Я насторожился. По едва приметным признакам, по немногословному рассказу Марии Петровны, по догадкам я чувствовал, что в семье Нагорного происходит что-то неладное. Это подтверждал и только что происшедший разговор Нагорного и Нонны.
— Вы, конечно, тоже любили, — начал Нагорный. — Вот на этих полках много книг. И почти каждая рассказывает о человеческой любви. И отражает какую-то частицу этого чувства. И потому каждая — только часть правды, а не вся правда. Но даже если сложить все эти книги вместе, они не расскажут, что такое любовь. О ней никому не дано рассказать. Ни один гений не смог и не сможет сделать этого. Впрочем, я не о том говорю. После того что произошло со мной, я не могу читать книги, в которых пытаются раскрыть тайну любви. Мне кажется, что кто-то смеется надо мной.
Он помолчал, затем снова заговорил, то нервно и поспешно, то задумчиво и мечтательно:
— Я полюбил ее давно, еще в школе. Это было какое-то необъяснимое чувство. Что-то прекрасное вдруг открылось в жизни, и от этого жизнь стала еще дороже.

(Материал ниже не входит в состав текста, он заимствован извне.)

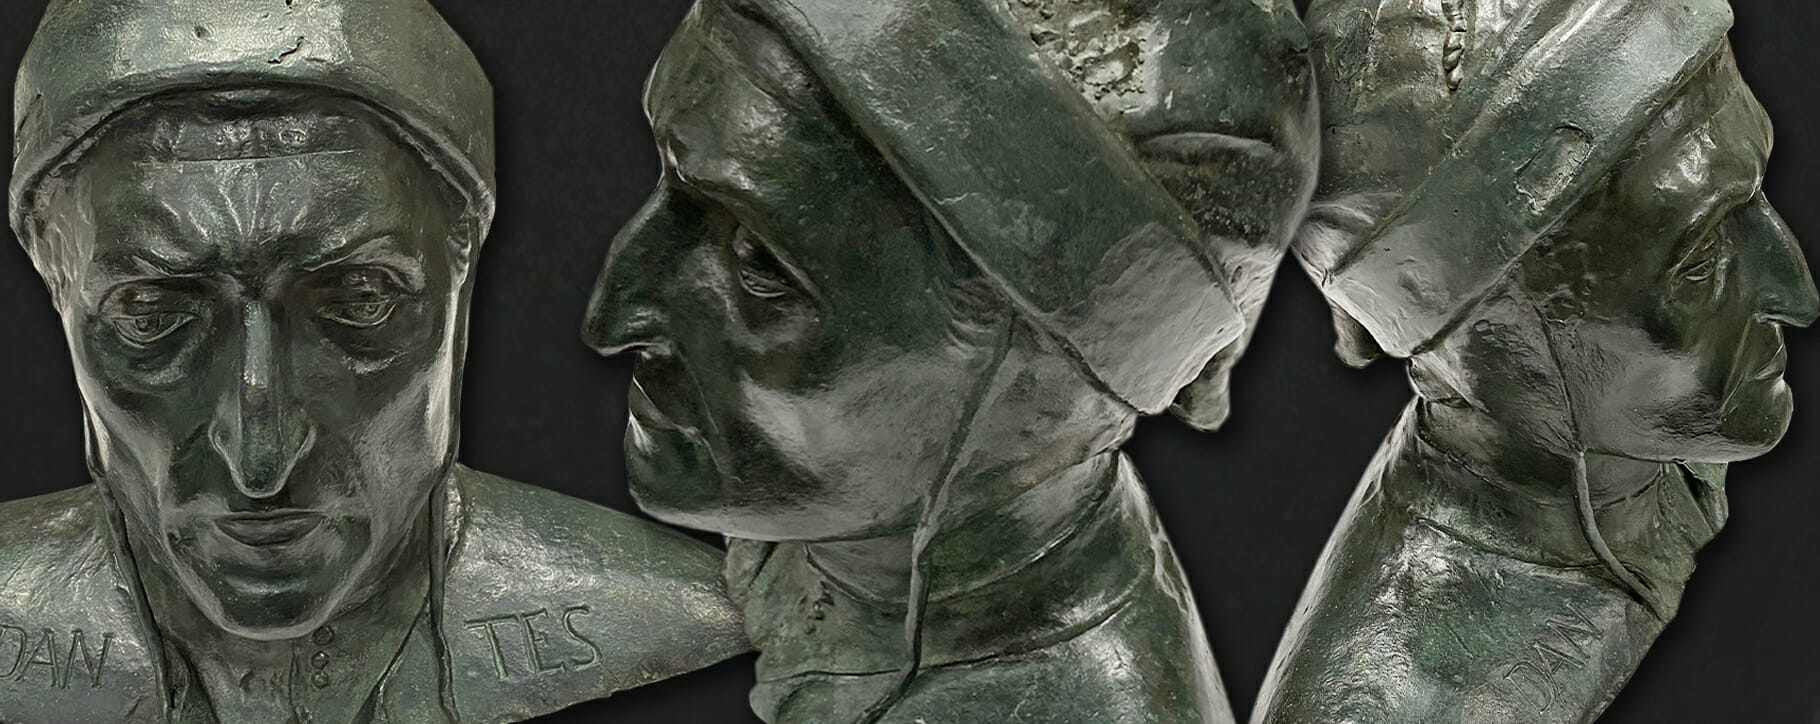 Dante bronze bust after

Так бывает утром, на восходе солнца. Те же поля вокруг, та же сонная речка, такое же бесконечное небо. И вместе с тем все это уже другое. Новое. Да, совершенно новое. И светлое. Мы проводили с ней целые ночи напролет. Любили запах догорающего костра. Не отрываясь, смотрели, как перемигиваются веселые звезды. Ходили в обнимку под дождем и ветром. У нас были чистые души… Впрочем, к чему я об этом?
Он остановился, посмотрел на меня, словно желая убедиться, тут ли я. Потом опять послышались его тихие шаги.
— Да. Время летело. Получилось так, что я был принят в пограничное училище. Попал туда с боем. Отбирали лучших из лучших. Отец хлопотать за меня отказался. Он хотел, чтобы я сам нашел свое место в жизни, и терпеть не мог всякого рода протекции. На медкомиссии врачи зацепились за какой-то пустяк. А на мандатной я сказал начальнику училища, что все равно буду здесь учиться и что вынести за ворота училища они могут только мой труп.